Since the pointer is a stack variable, it is printing memory near the top of stack for a ways down. That memory contains the stack frame of main(): possibly some saved register values, a count of program arguments, a pointer to the program arguments, a pointer to a list of environment variables, and a saved instruction register for main() to return, usually in the C runtime library startup code. In all implementations I have investigated, the stack frames below that has copies of the environment variables themselves, an array of pointers to them, and an array of pointers to the program arguments. In Unix environments (which you hint you are using) the program argument strings will be below that.
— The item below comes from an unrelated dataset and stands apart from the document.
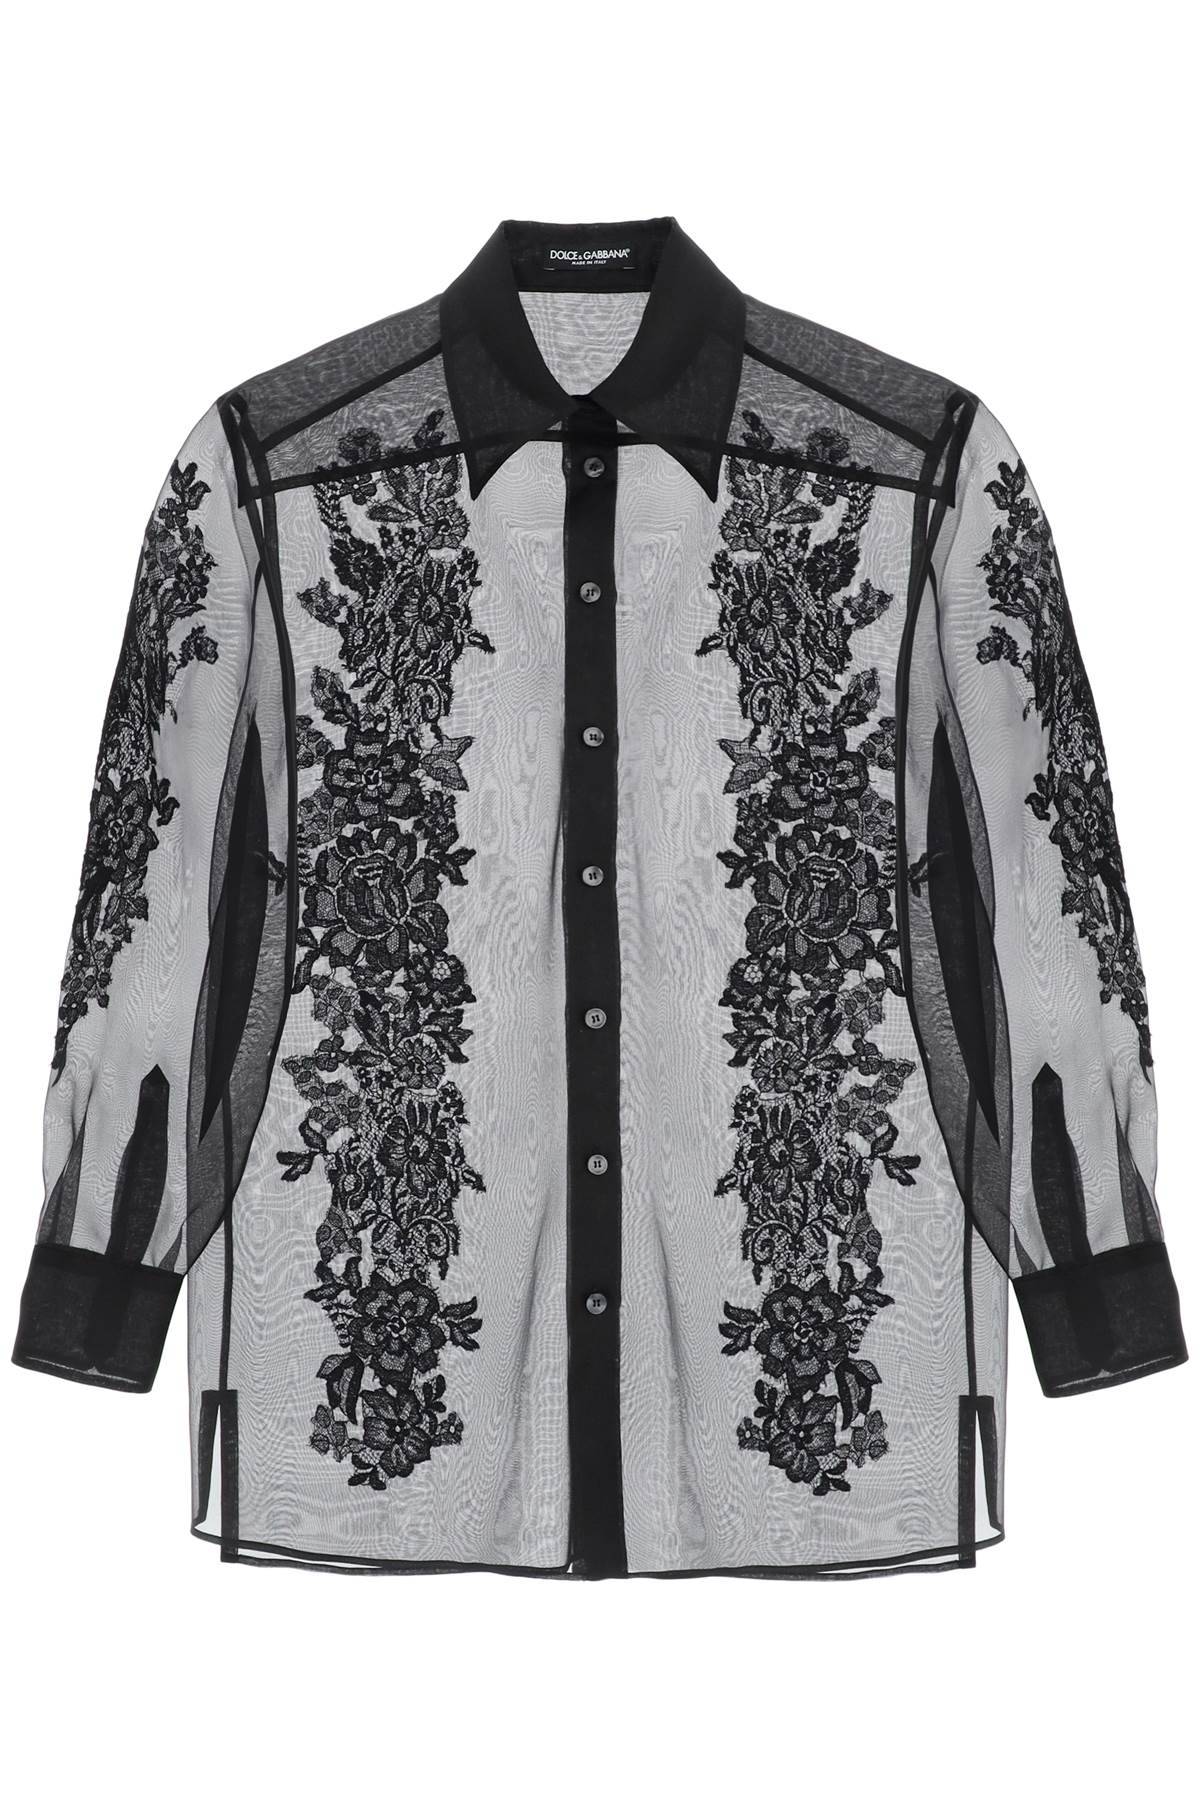 Dolce & Gabbana DOLCE & GABBANA organza shirt with lace inserts

All of this memory is "safe" to print, except some non-printable characters will appear which might mess up a display terminal.

The chief potential problem is whether there is enough stack memory allocated and mapped to prevent a SIGSEGV during access. A segment fault could happen if there is too little environment data. Or if the implementation puts that data elsewhere so that there are only a few words of stack here. I suggest confirming that by cleaning out the environment variables and re-running the program.

This code would not be so harmless if any of the C runtime conventions are not true:

• The architecture uses a stack
• A local variable (void *x) is allocated on the stack
• The stack grows toward lower numbered memory
• Parameters are passed on the stack
• Whether main() is called with arguments. (Some light duty environments, like embedded processors, invoke main() without parameters.)

In all mainstream modern implementations, all of these are generally true.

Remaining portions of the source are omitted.